The answer is "gun free zones" in which victims were prohibited by law or policy from carrying firearms for protection. Since 1950, all but two mass shootings in the U.S. have taken place in such "victim disarmament zones" where criminals, sociopaths and terrorists know they can kill with impunity.
Research by John R. Lott and William Landes revealed the only effective policy to deter mass homicide is expansion of concealed handgun permit laws. Regardless of motive and even if suicidal, killers avoid armed victims. Before killing six in Santa Barbara (three by knife), Elliott Rodger ruled out one target because, "It would be impossible to kill enough of my enemies before being dispatched by those damnable cops." Dylann Roof picked the Emanuel AME Church over his primary target, the College of Charleston, to avoid armed security.

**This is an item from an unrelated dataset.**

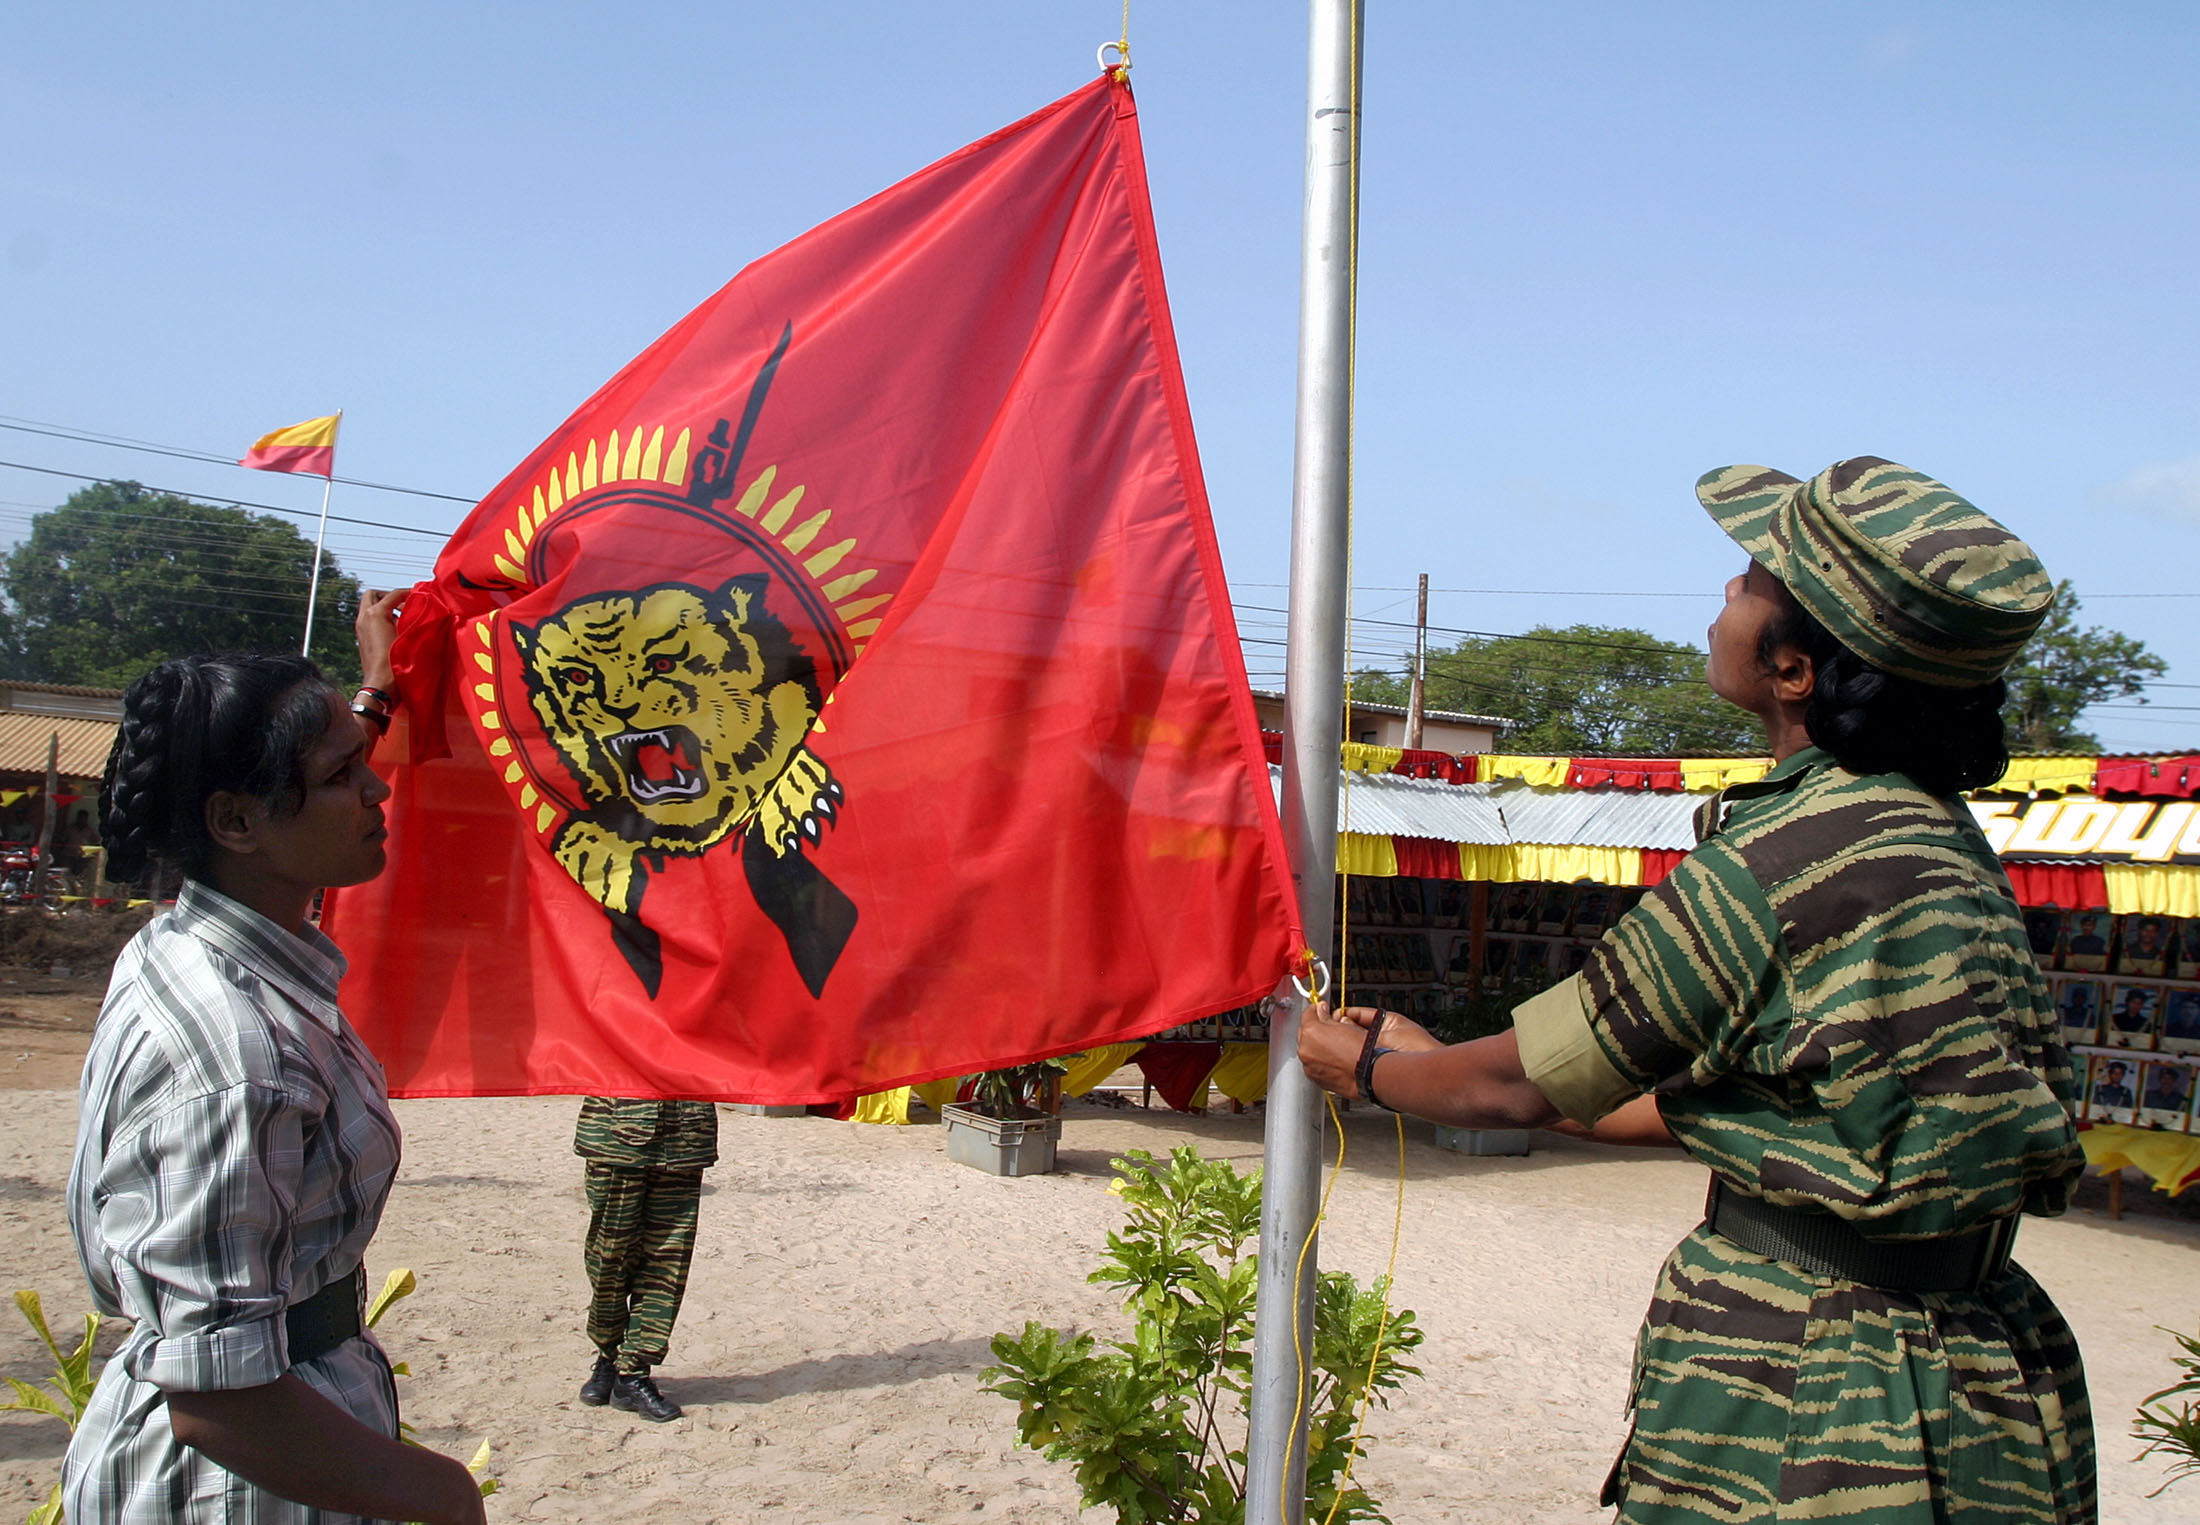 LTTE rebels raise their flag at a Black Tigers Day ceremony in the rebel-held northern Sri Lankan town of Kilinochchi, on July 5, 2004. Source: Anuruddha Lokuhapuarchchi/Reuters.

Deterring violence motivated Grass Roots North Carolina to engineer passage of concealed carry in 1995. We've since worked to remove restrictions. Each time we expand carry to new areas - public assemblies, restaurants, educational property - naysayers predict shootings at traffic lights, bars and football games. Each time, they are wrong. Not only are permit-holders overwhelmingly law abiding, from 1995 through 2014 (the most recent data), the NCDOJ reports violent crime plummeted by 49.7%, including drops in murder (42.7%), rape (45.3%), robbery (52.2%) and aggravated assault (49.1%).
Sponsored by Representative Larry Pittman, House Bill 1148 is our next step in deterring violent predators by joining twelve other states - Alaska, Arizona, Arkansas, Idaho, Kansas, Maine, Mississippi, Missouri (awaiting signature), Vermont, Montana, West Virginia and Wyoming - in allowing lawful citizens to carry concealed firearms without burdensome permits (a/k/a "constitutional carry").
Although research suggests murder rates fall in proportion to increasing concealed carry, with only 570,000 active permits, North Carolina falls behind other states, presumably because high cost (several hundred dollars) and burdensome application requirements (multiple visits and up to six months for approval) make permits impractical for people with limited incomes.
When HB 1148 opponents predict carnage, ask for examples of constitutional carry causing problems elsewhere. A Google search revealed none. Tell them HB 1148 is actually more restrictive than other states by imposing on non-permitted carriers exactly the same legal qualifications as those with permits.
Radical Islamic terrorism is the latest additive to mass homicide, both here and abroad. It's time we join forward-thinking states and fight back.